The Bombay High Court quashed a circular that denied registration of a vehicle under the ‘BH Series’ saying that the legal rights have been completely negated.

The Court was dealing with a writ petition preferred by a man against the Commissioner of Transport and others.

A Division Bench of Justice G.S. Kulkarni and Justice Firdosh P. Pooniwalla observed, “… it is clear that the petitioner’s legal rights to be entitled to have a registration for his vehicle under the BH series have been completely negated by the impugned action taken by respondent nos.1 to 3. the impugned action in denying such registration is wholly without jurisdiction. Further, referring to the impugned Circular, the petitioner was denied registration of his vehicle under the BH Series. As held by us the impugned Circular, in law, has no legs to stand, hence, the same could not have been foisted on the petitioner.”

Advocate Tejesh Dande appeared for the petitioner while Addl. G.P. Shruti D. Vyas appeared for the respondents.

Brief Facts -

This petition, under Article 226 of the Constitution raised a challenge to the action of the Commissioner of Transport to the effect that the petitioner’s motor vehicle – a motor car, recently purchased by him, was denied registration under the ‘BH series’. The case of the petitioner was that, no reasons in writing were furnished to him, as to why the registration was denied, although he had complied with the conditions as contained in the rules framed by the Central Government, namely the Central Motor Vehicles (Twentieth Amendment) Rules, 2021.

The petitioner was a Government Servant, presently working as Civil Judge, Senior Division, in the Maharashtra State Judicial Services.
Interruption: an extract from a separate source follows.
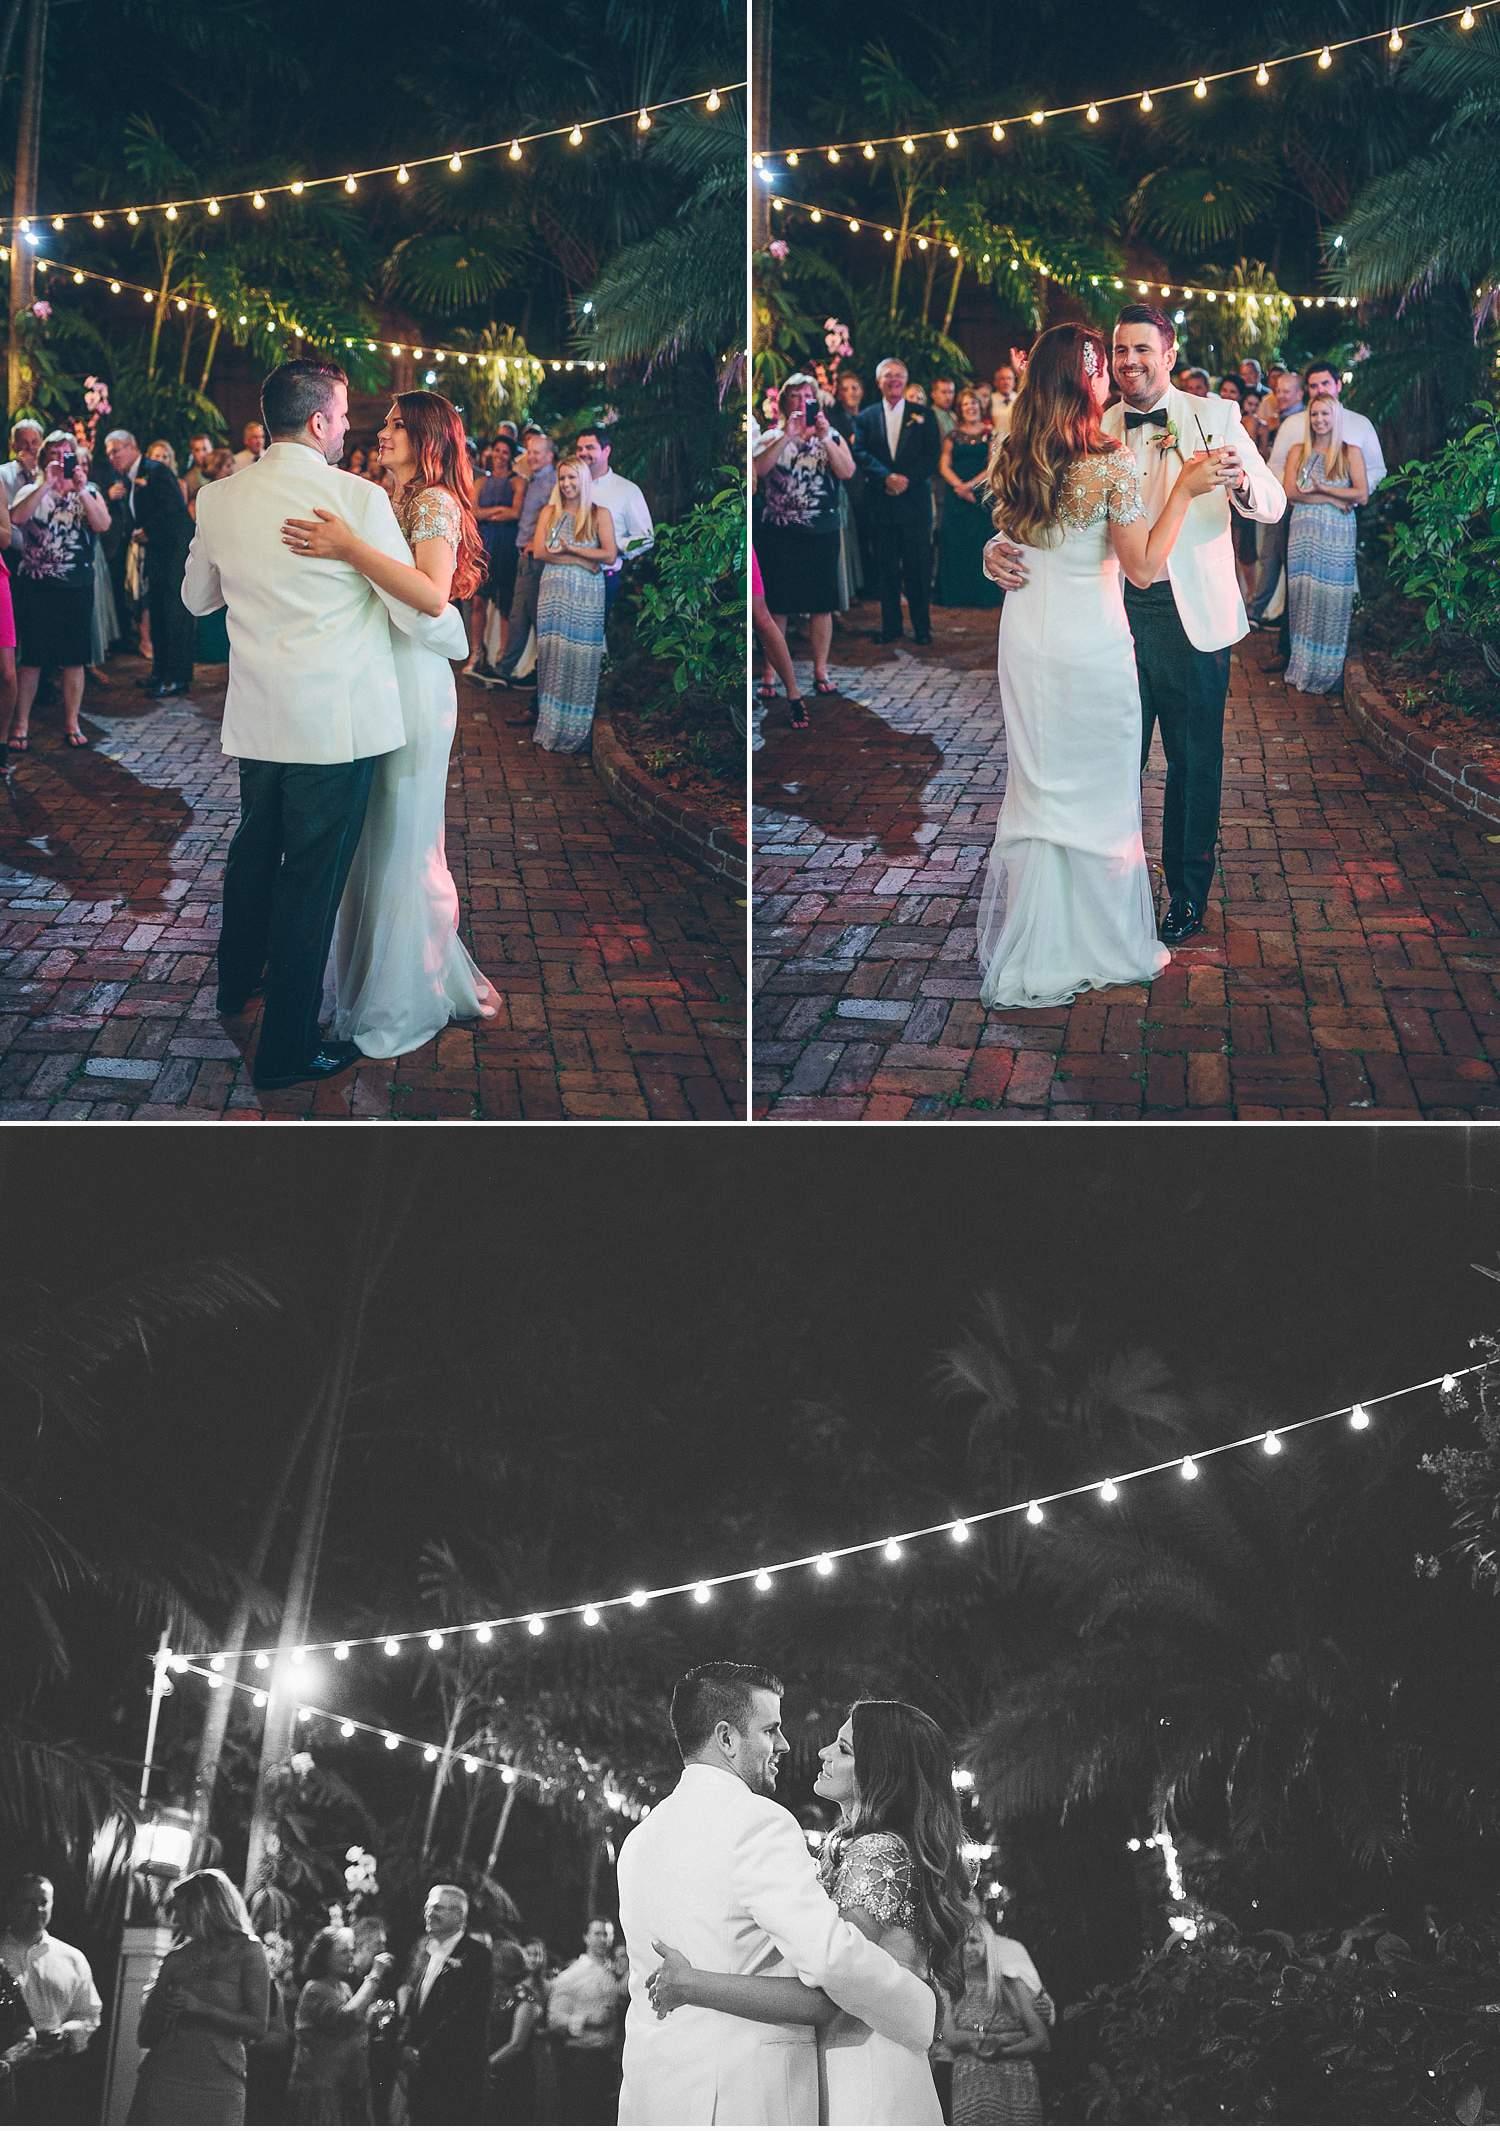 audubon-house-key-west-wedding-photographer-daniel-lateulade-0032.JPG

He had complied with the condition as prescribed in Clause 2 (cb) of the said 2021 Rules of submitting an Official Identity Card, which was the only compliance required to be furnished.

The High Court in the above regard said, “Mr. Dande would also be justified in relying upon the decision of the Supreme Court in Pancham Chand and Others vs. State of Himachal Pradesh and Others 8 wherein the Supreme Court, in the context of the issue which had arisen under the Motor Vehicles Act, had observed that the Act is a self contained Code. All the authorities mentioned therein are statutory authorities. They are bound by the provisions of the Act. They must act within the four corners thereof. It was observed that the State, although, had a general control, but such control must be exercised strictly in terms of Article 162 of the Constitution of India. It was held that all governmental orders must comply with the requirements of a statute as also the constitutional provisions, as the Constitution envisages a rule of law and not rule of men. The observation as made by the Supreme Court in paragraph 18 of the report are certainly applicable in the facts of the present case.”
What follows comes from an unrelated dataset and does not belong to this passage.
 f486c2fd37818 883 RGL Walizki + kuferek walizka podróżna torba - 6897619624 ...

The Court noted that the petition needs to succeed and therefore, held that the said circular of the respondent is illegal, arbitrary, and unconstitutional. It also directed the respondents to grant registration to the petitioner’s vehicle under the BH series within a period of one week.
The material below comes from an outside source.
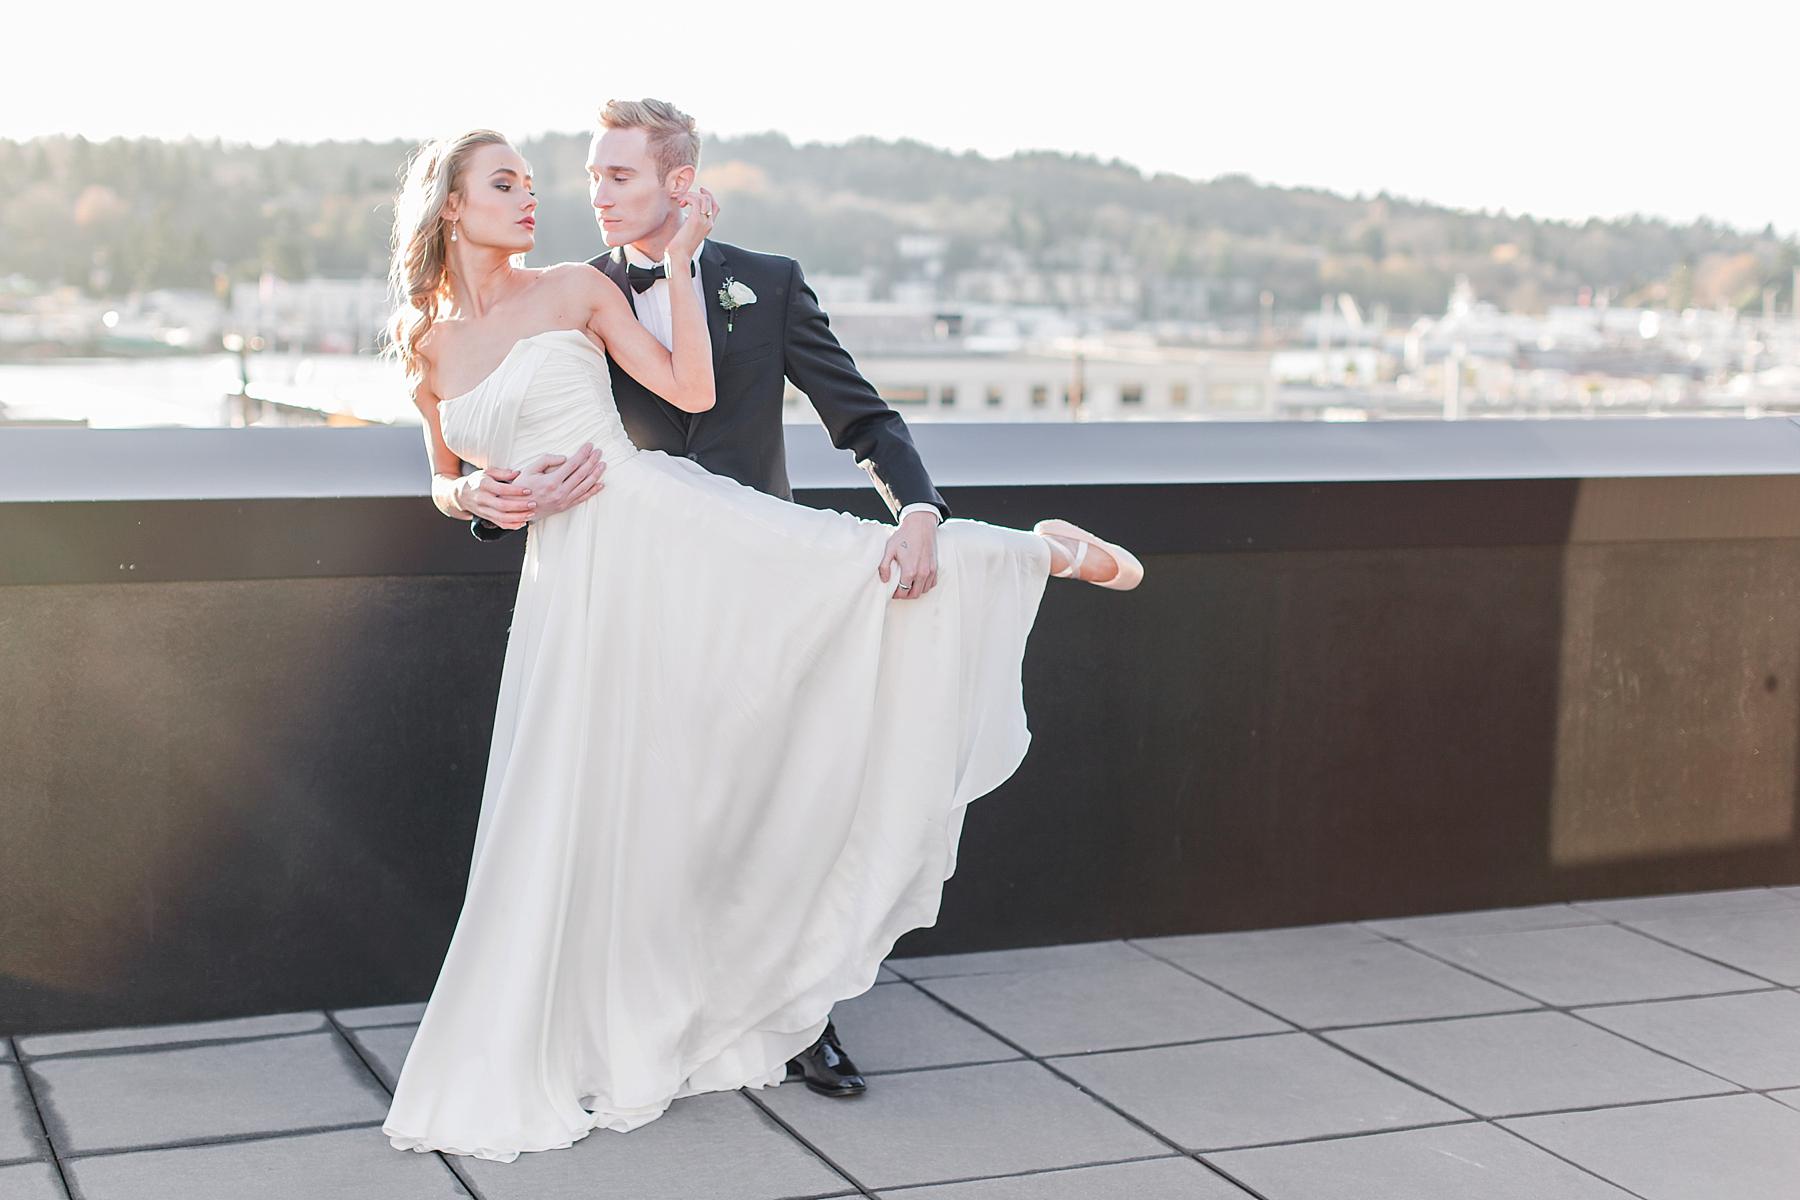 black-white-ballet-masquerade-wedding-35.jpg

Accordingly, the Court allowed the petition and quashed the circular.

Cause Title- Mahendra Bansilal Patil v. The Commissioner of Transport & Ors. (Neutral Citation: 2024:BHC-AS:17951-DB)


Petitioner: Advocates Tejesh Dande, Bharat Gadhavi, Mansi Dande, Vishal Navale, and Trushar Shah.

Respondents: Addl. G.P. Shruti D. Vyas, A.G.P. P.N. Diwan, and Advocate Ashutosh Misra.